Обломов - Гончаров Иван Александрович - Страница 67
- Предыдущая
- 67/129
- Следующая
Вы не любите меня, но вы не лжете — спешу прибавить, — не обманываете меня, вы не можете сказать да, когда в вас говорит нет. Я только хочу доказать вам, что ваше настоящее люблю не есть настоящая любовь, а будущая, это только бессознательная потребность любить, которая, за недостатком настоящей пищи, за отсутствием огня, горит фальшивым, негреющим светом, высказывается иногда у женщин в ласках к ребенку, к другой женщине, даже просто в слезах или в истерических припадках. Мне с самого начала следовало бы строго сказать вам: „Вы ошиблись, перед вами не тот, кого вы ждали, о ком мечтали. Погодите, он придет, и тогда вы очнетесь, вам будет досадно и стыдно за свою ошибку, а мне эта досада и стыд сделают боль“, — вот что следовало бы мне сказать вам, если б я от природы был попрозорливее умом и пободрее душой, если б, наконец, был искреннее… Я и говорил, но, помните, как: с боязнью, чтоб вы не поверили, чтоб этого не случилось, я вперед говорил все, что могут потом сказать другие, чтоб приготовить вас не слушать и не верить, а сам торопился видеться с вами и думал: „Когда-то еще другой придет, я пока счастлив“. Вот она, логика увлечения и страстей.
Теперь уже я думаю иначе. А что будет, когда я привяжусь к ней, когда видеться — сделается не роскошью жизни, а необходимостью, когда любовь вопьется в сердце (недаром я чувствую там отверделость)? Как оторваться тогда? Переживешь ли эту боль? Худо будет мне. Я и теперь без ужаса не могу подумать об этом. Если б вы были опытнее, старше, тогда бы я благословил свое счастье и подал вам руку навсегда. А то…
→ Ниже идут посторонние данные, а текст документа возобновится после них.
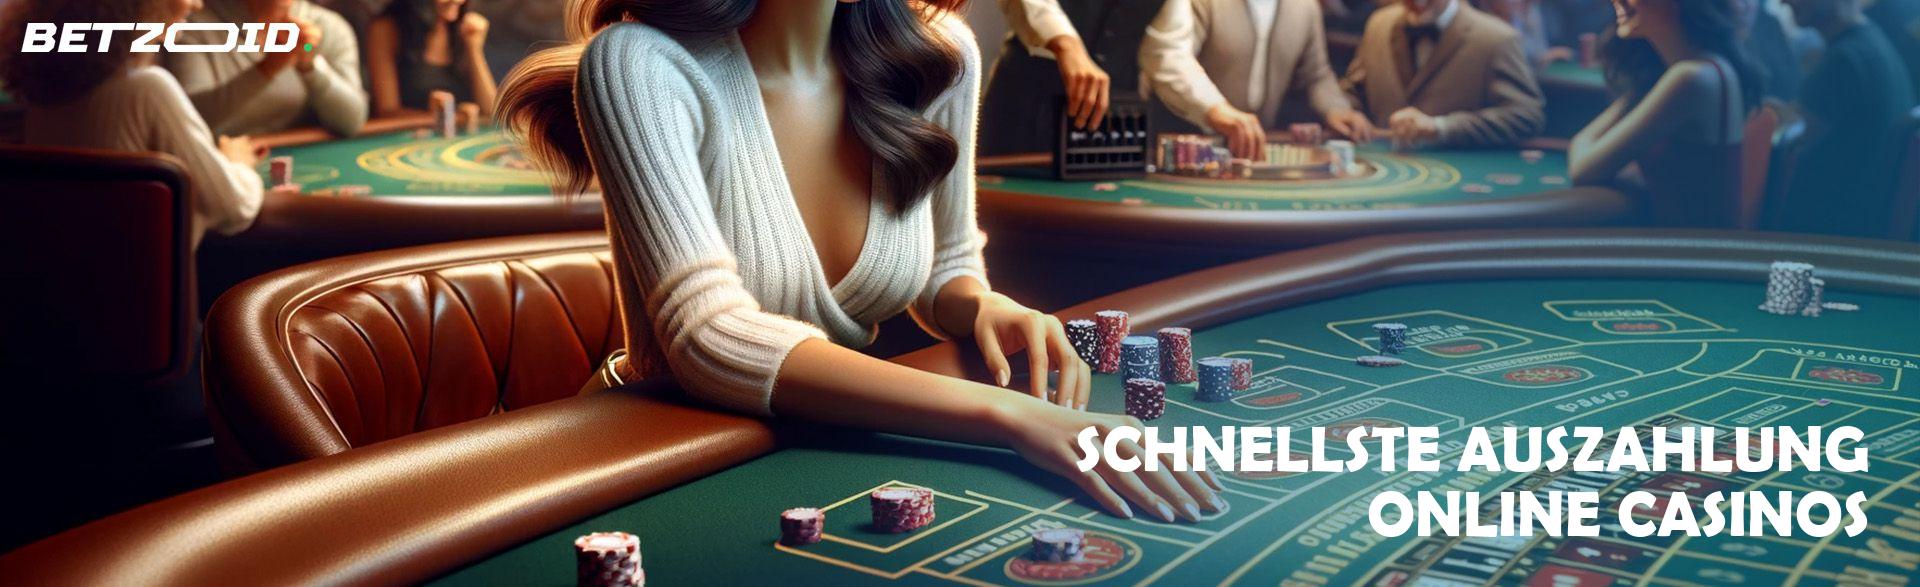 Schnellste Auszahlung Online Casinos.

Зачем же я пишу? Зачем не пришел прямо сказать сам, что желание видеться с вами растет с каждым днем, а видеться не следует? Сказать это вам в лицо — достанет ли духу, сами посудите! Иногда я и хочу сказать что-то похожее на это, а говорю совсем другое. Может быть, на лице вашем выразилась бы печаль (если правда, что вам нескучно было со мной), или вы, не поняв моих добрых намерений, оскорбились бы: ни того, ни другого я не перенесу, заговорю опять не то, и честные намерения разлетятся в прах и кончатся уговором видеться на другой день. Теперь, без вас, совсем не то: ваших кротких глаз, доброго, хорошенького личика нет передо мной, бумага терпит и молчит, и я пишу покойно (лгу): мы не увидимся больше (не лгу).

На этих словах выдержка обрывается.